As you know AC motors are free of arcing, controllers do regen well and can be more compact with higher voltage I believe which also allows smaller cables for weight savings. 

A little more AC gear is now available since 08 including the low voltage Curtis. Still there's nothing out there that's comparable price wise to DC systems available for anything larger than a Geo or Saturn.
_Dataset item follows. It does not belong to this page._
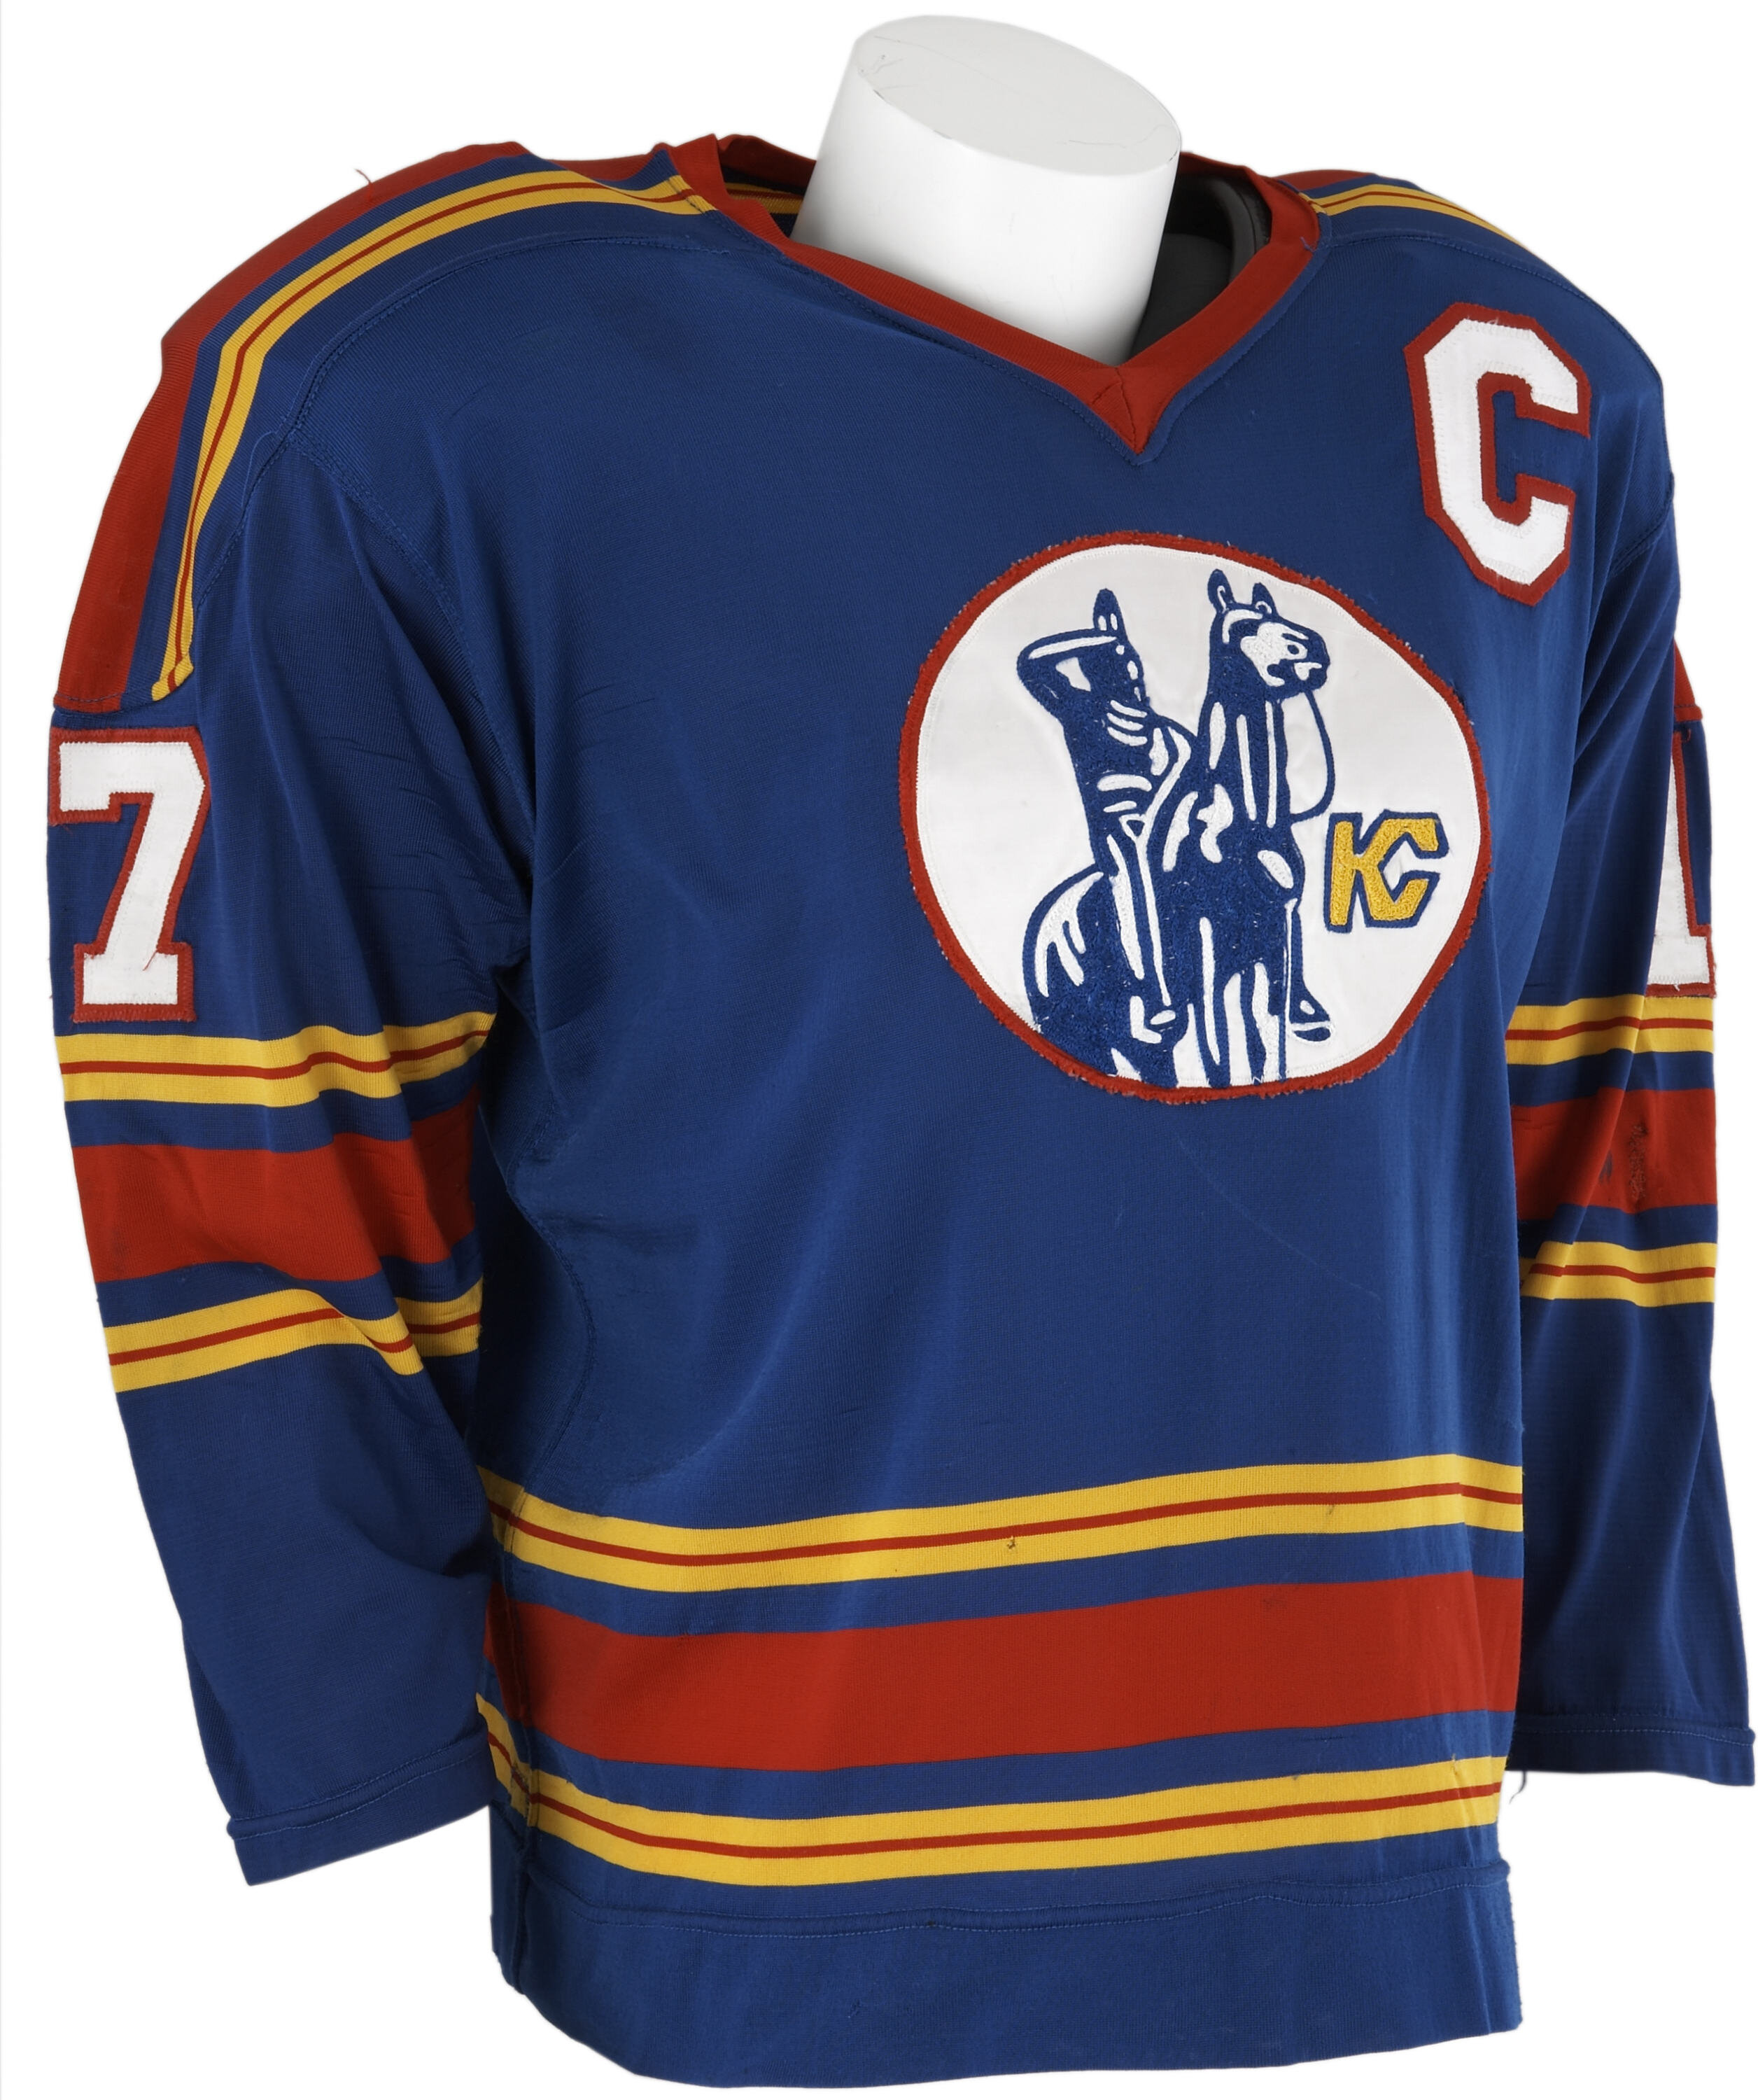 Late 1960s Kansas City Blues #18 Game Worn Jersey. Hockey
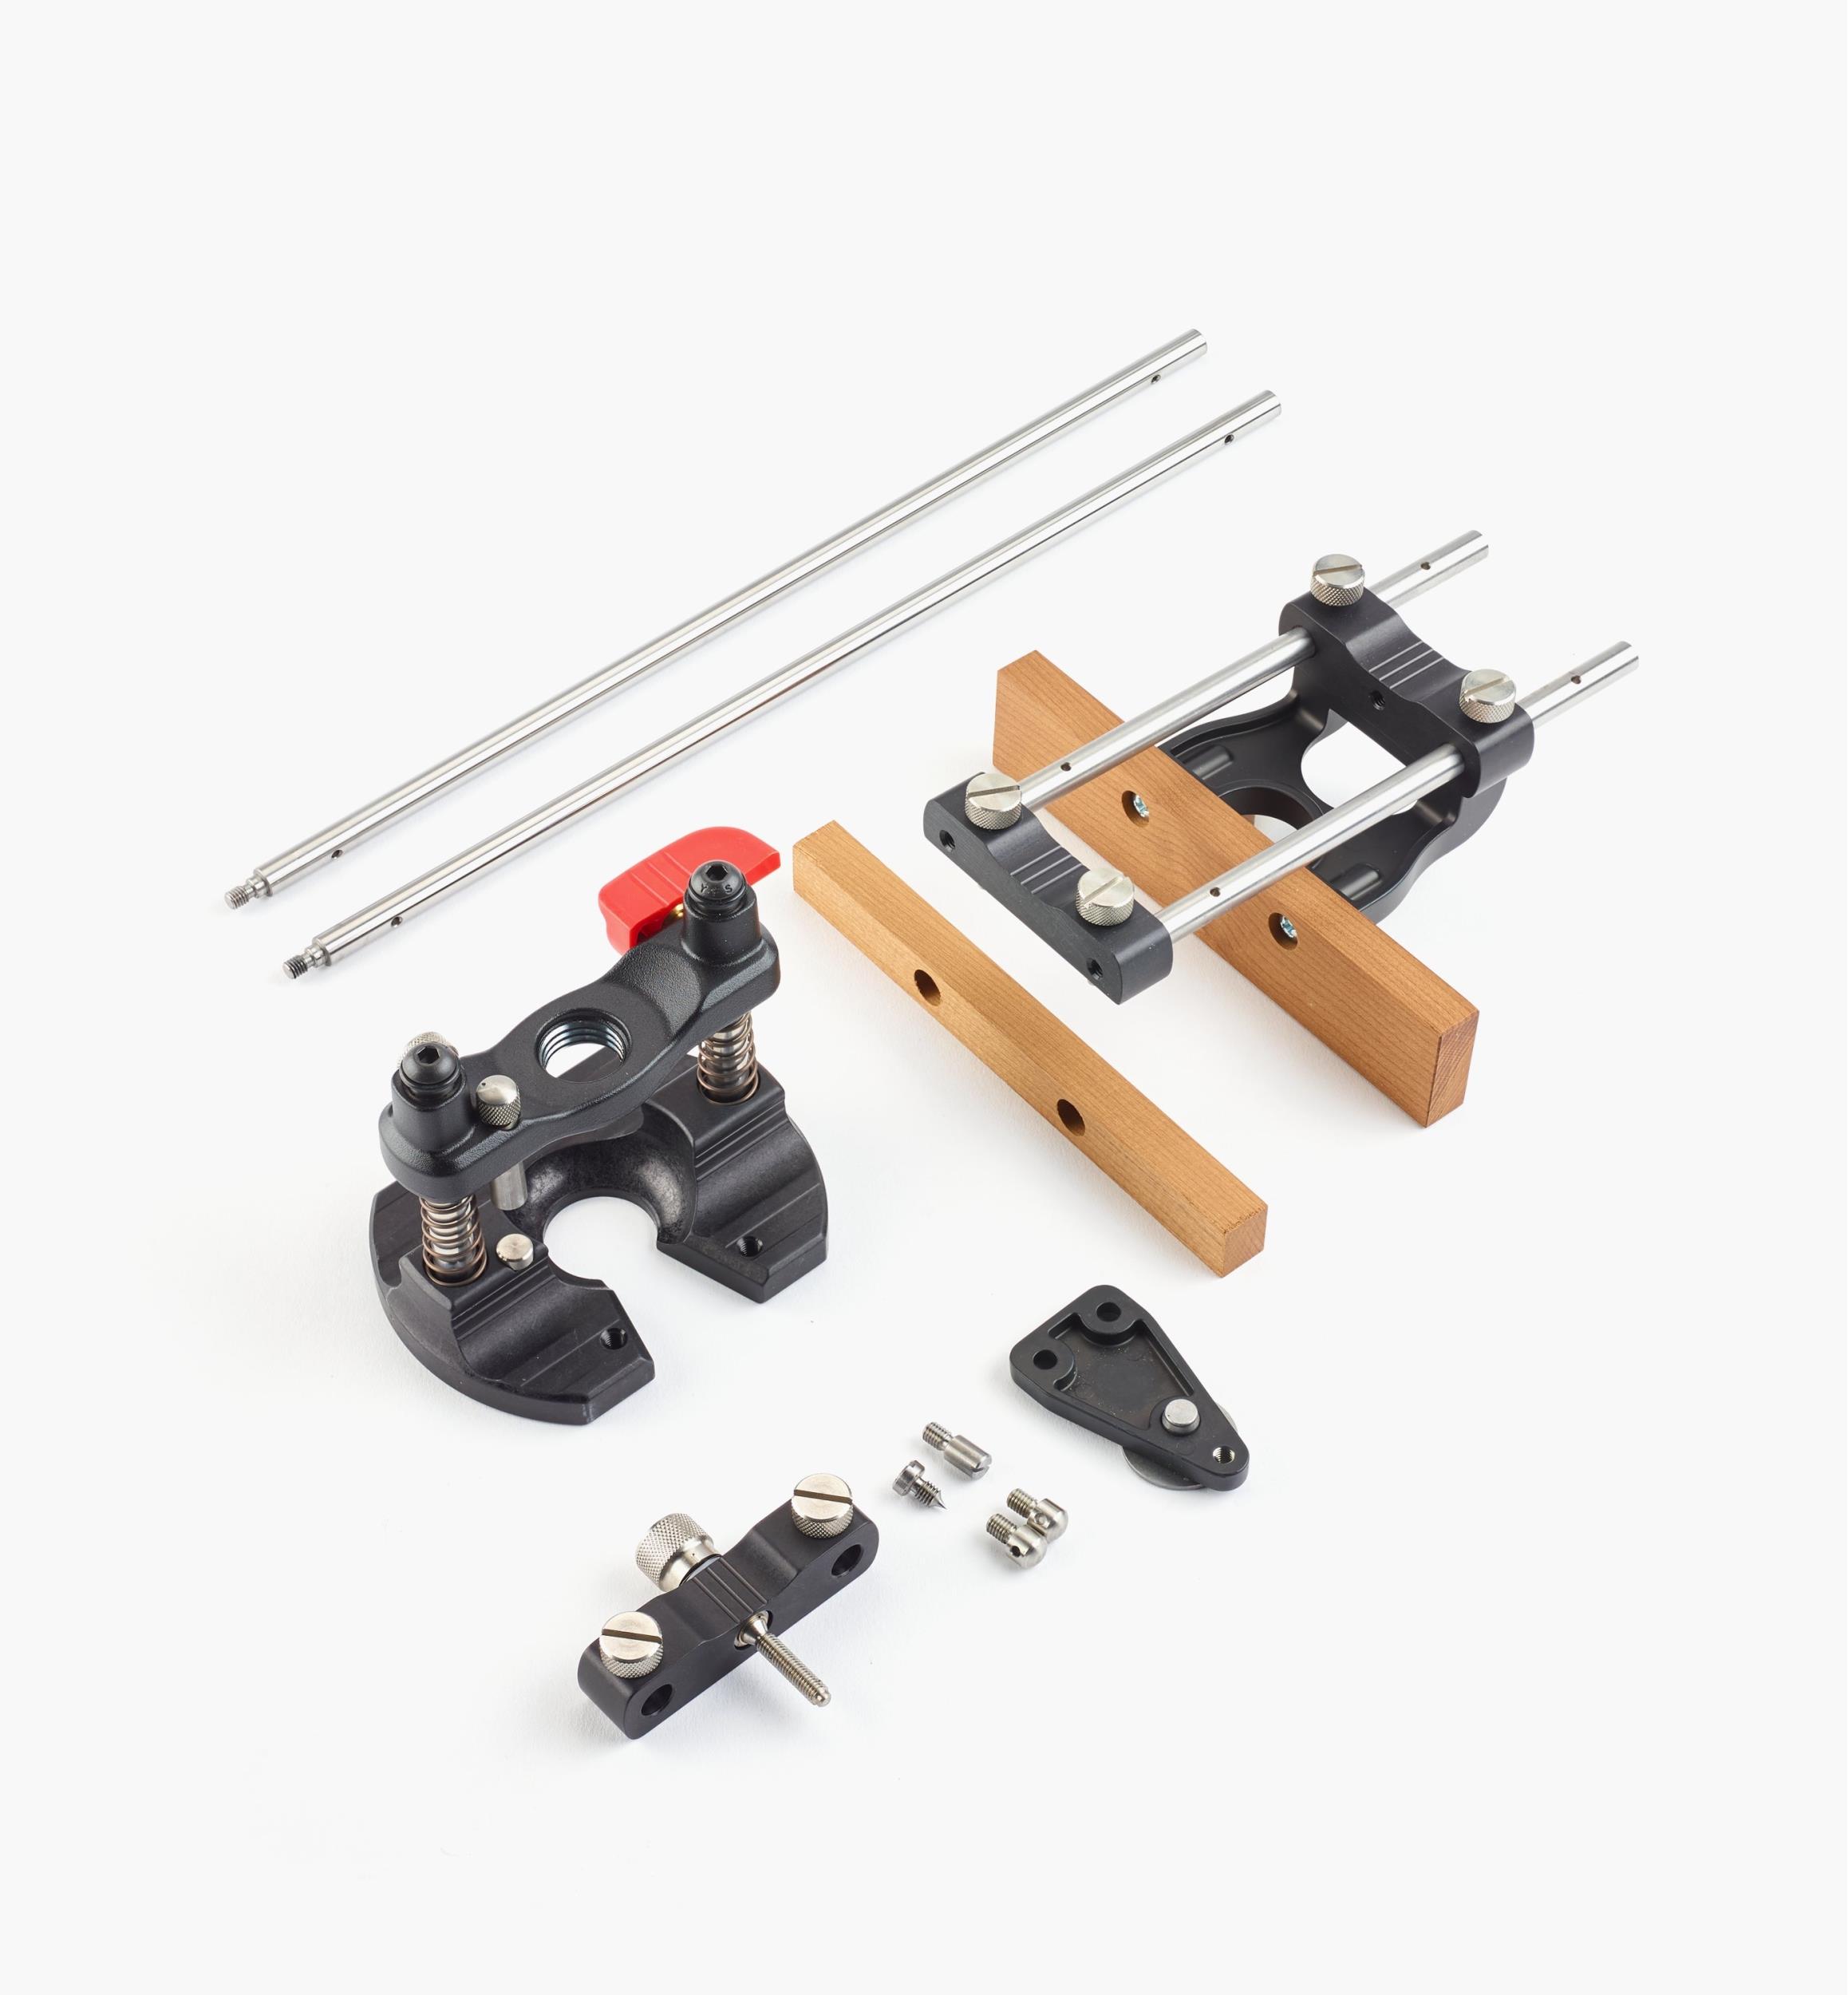 https://assets.leevalley.com/Size5/10101/05J6507-veritas-plunge-base-for-rotary-tools-complete-set-base-fence-center-kit-pair-of-12-rods-precision-adjuster-f-0014.jpg

We'd just like to see you guys take the bull by the horns and roll with it but hey if you can't do it you can't do it. Someone will however. The industrial OEM's have the knowledge to do it so some engineer may jump ship after doing one in his garage and start a new company. Someone will come out with one that's more affordable and AC IS the future. It already is standard in industry.


----------



## Qer (May 7, 2008)

JRP3 said:


> 3. uninformed; unaware.


Something like that, yes, and sometimes NOT being aware of something is a blessing. Inverters is a rabbit hole and I haven't found the bottom yet, the more I read up about it, the more I realise how little I know. AC-inverters are a LOT more complicated than DC-controller and the math behind it goes from "Hey, I can do this on my radio shack calculator!" to "Ok, anyone here has a black belt in Matlab?".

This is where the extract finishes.